STORED DATA =
Segment Open

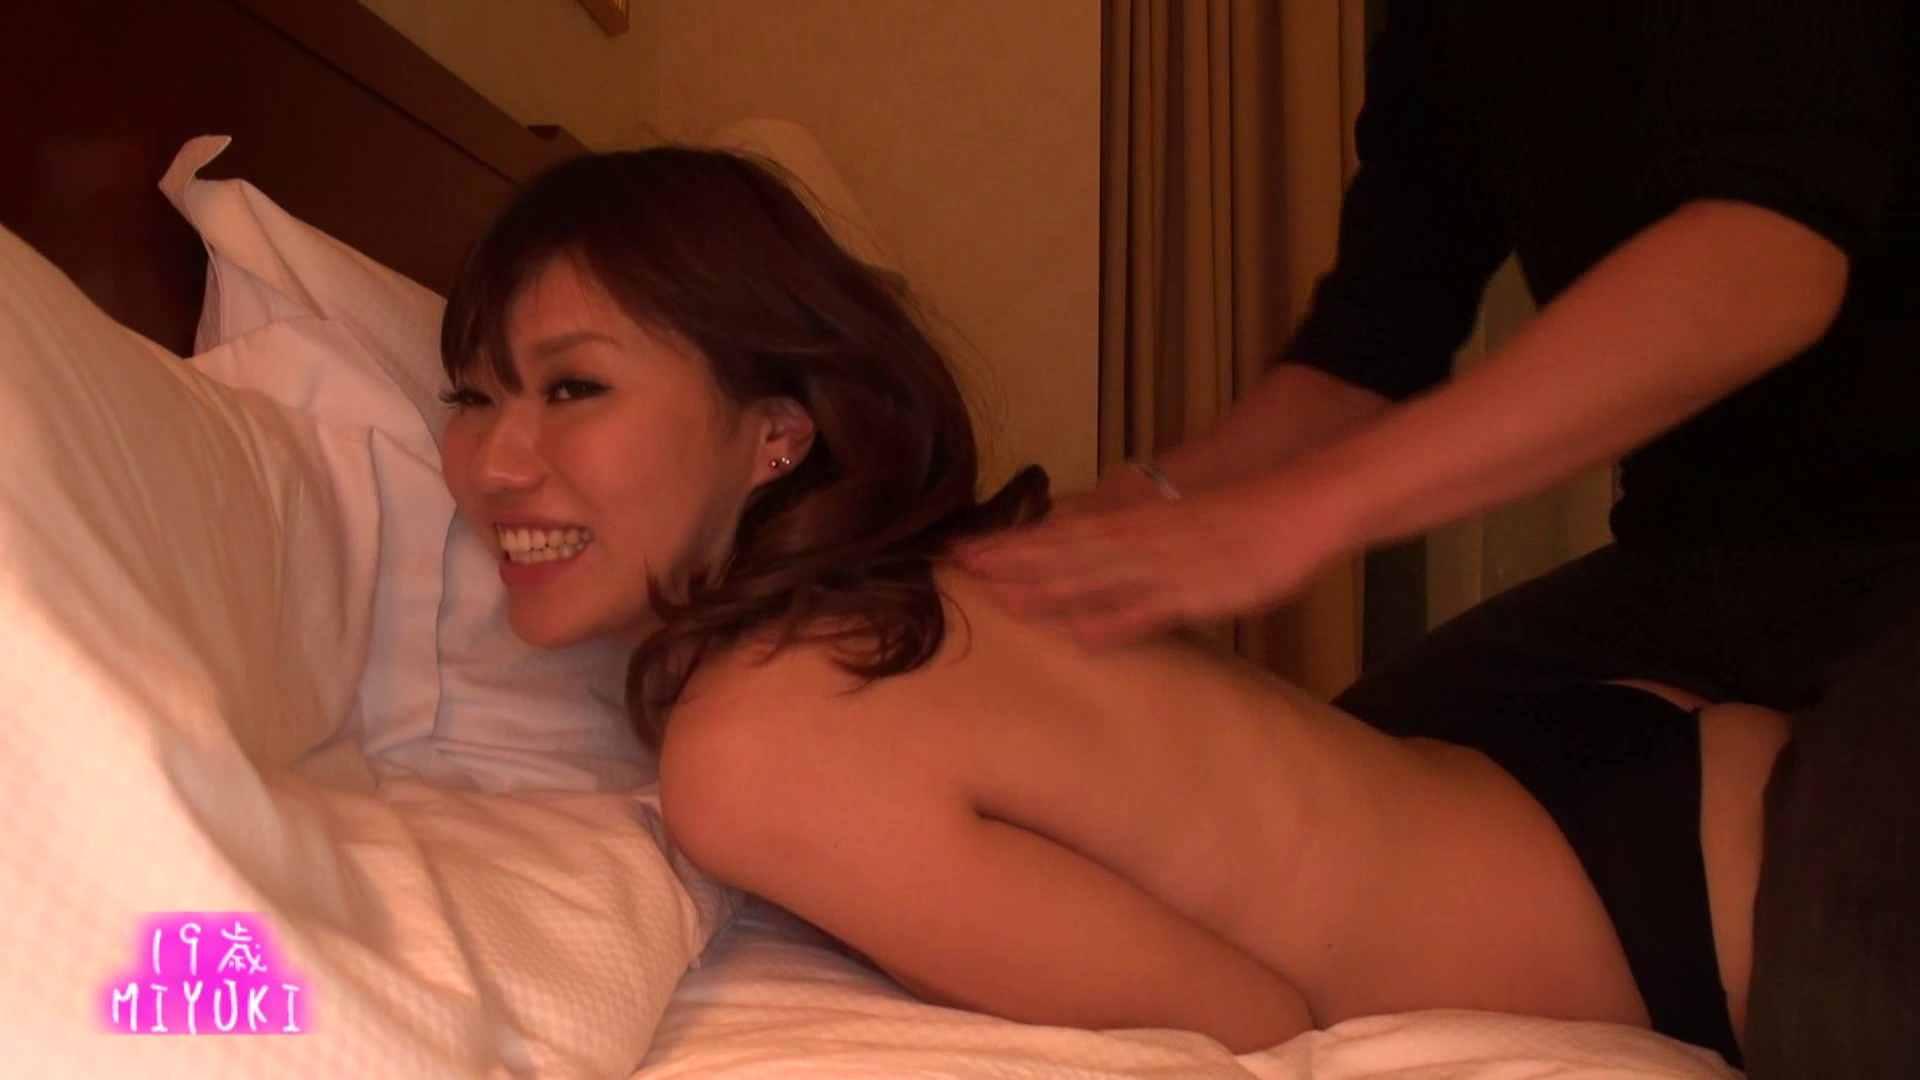 MIYUKIちゃんに男優さんがエロマッサージ 素人  67連発 19
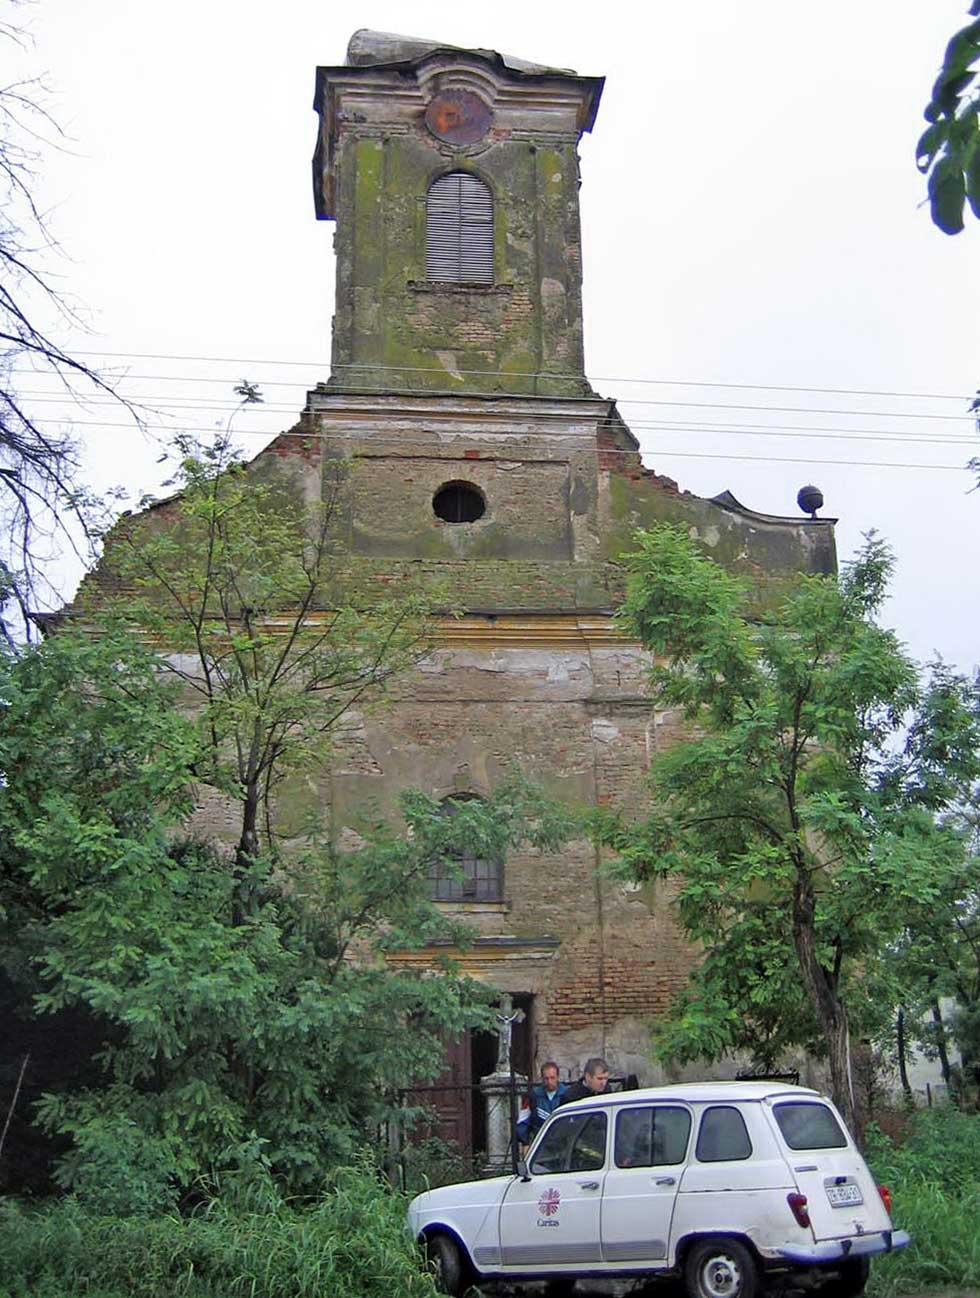 crkva u selu međa
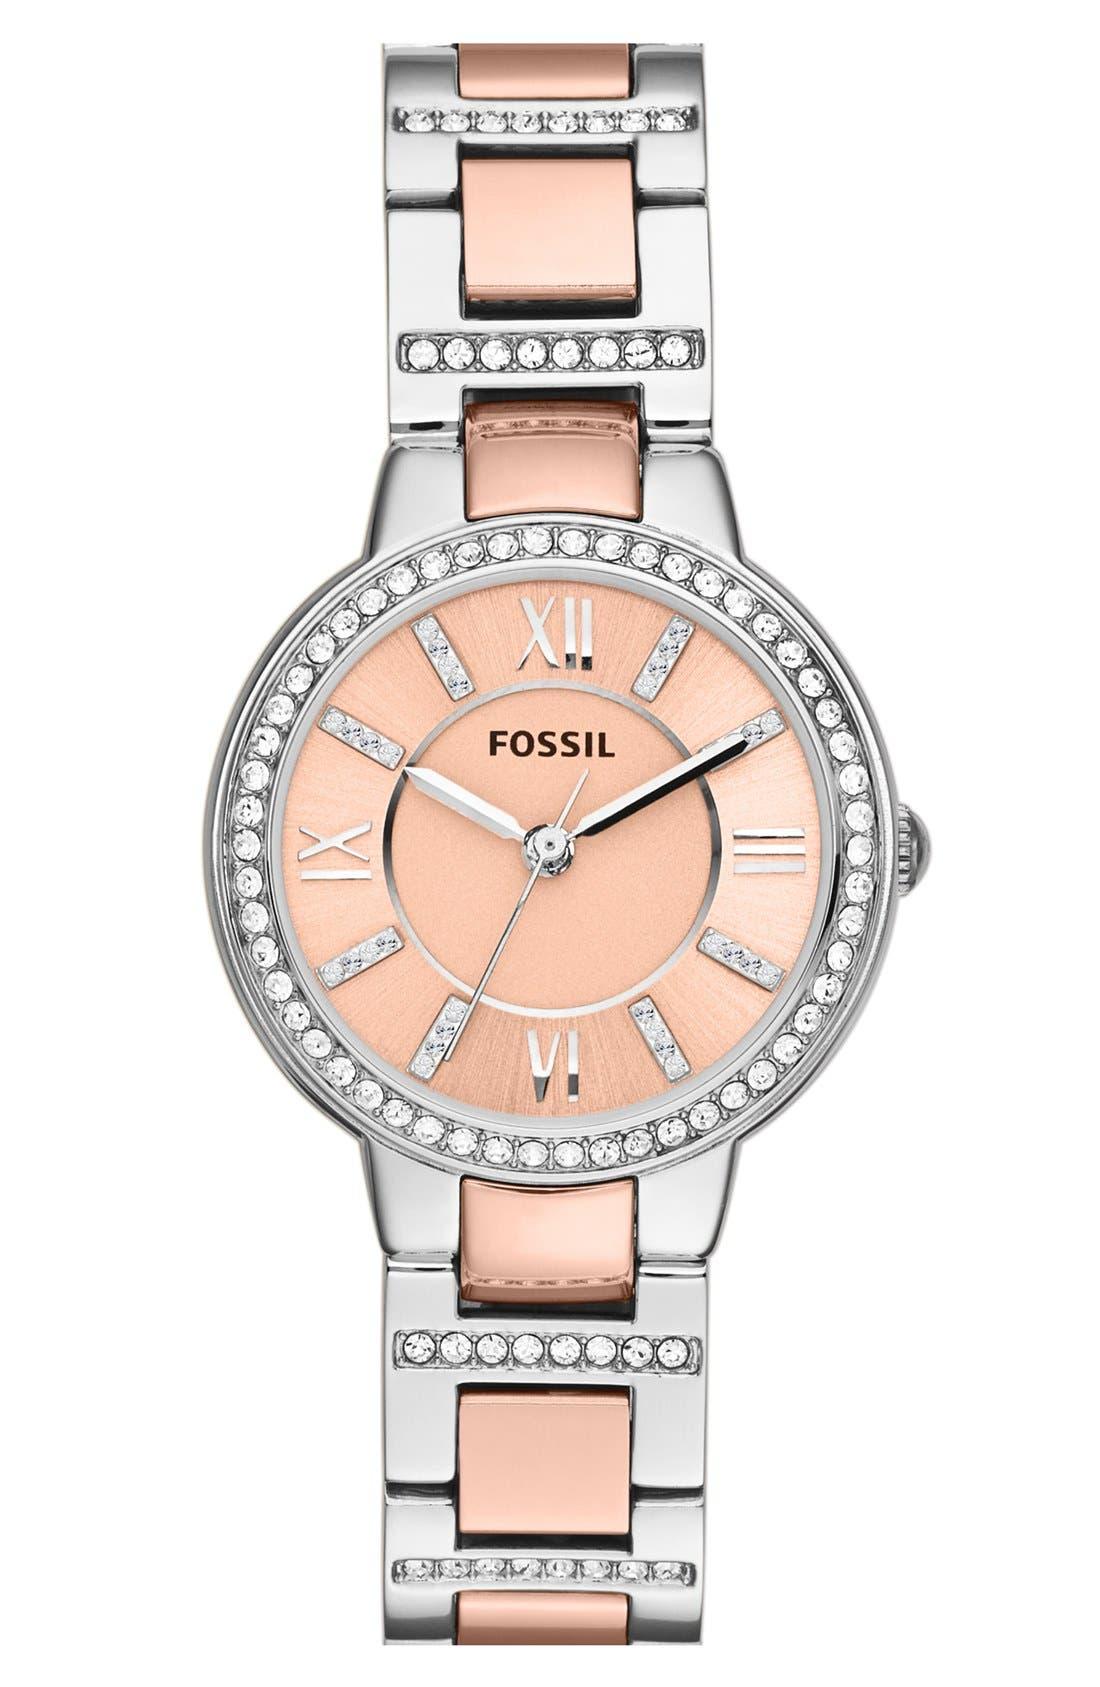 FOSSIL, 'Virginia' Crystal Bezel Bracelet Watch, 30mm, Main thumbnail 1, color, ROSE GOLD/ SILVER
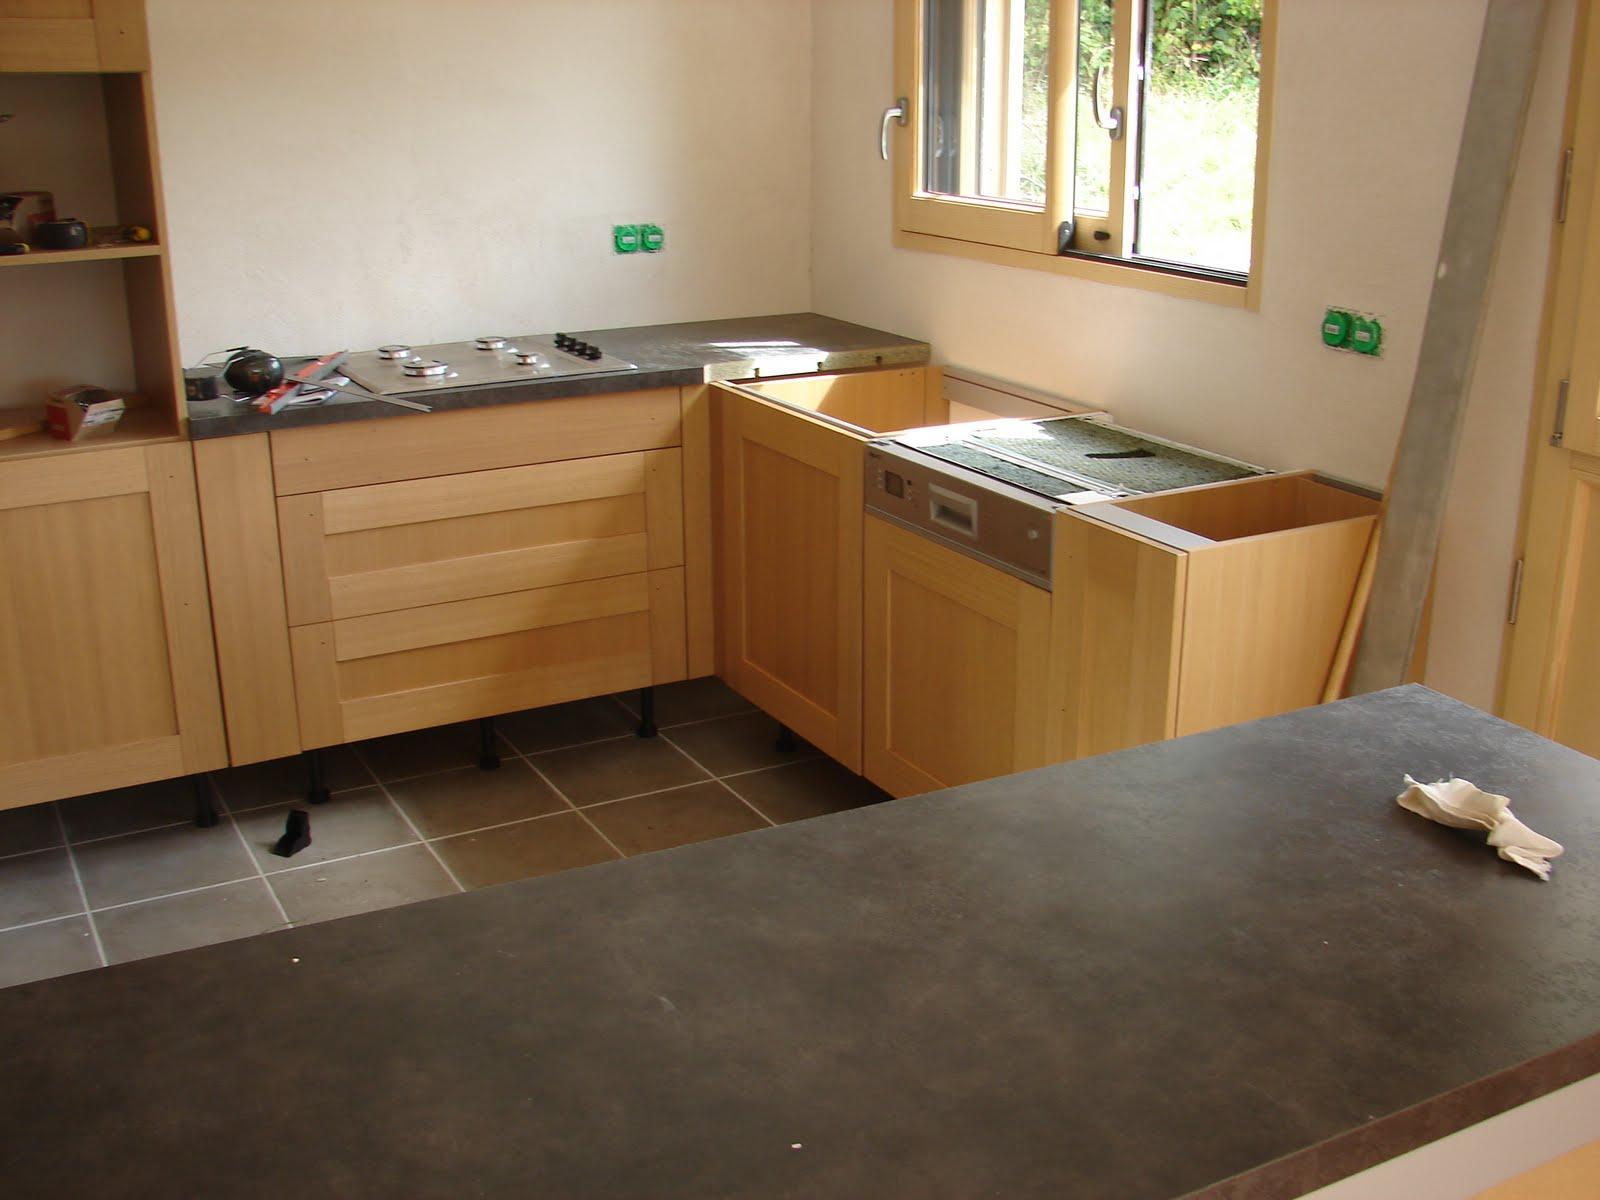 Avis sur cuisine socoo c ca du rseau socoouc millions uac for Assemblage meuble ikea

Segment Closed

DIRECTIONS =
The required output is the span of lines from the line with "crkva u selu međa" through the final line of the listing above, reproduced exactly, minus the pictures.

TASK OUTPUT =
 crkva u selu međa
 FOSSIL, 'Virginia' Crystal Bezel Bracelet Watch, 30mm, Main thumbnail 1, color, ROSE GOLD/ SILVER
 Avis sur cuisine socoo c ca du rseau socoouc millions uac for Assemblage meuble ikea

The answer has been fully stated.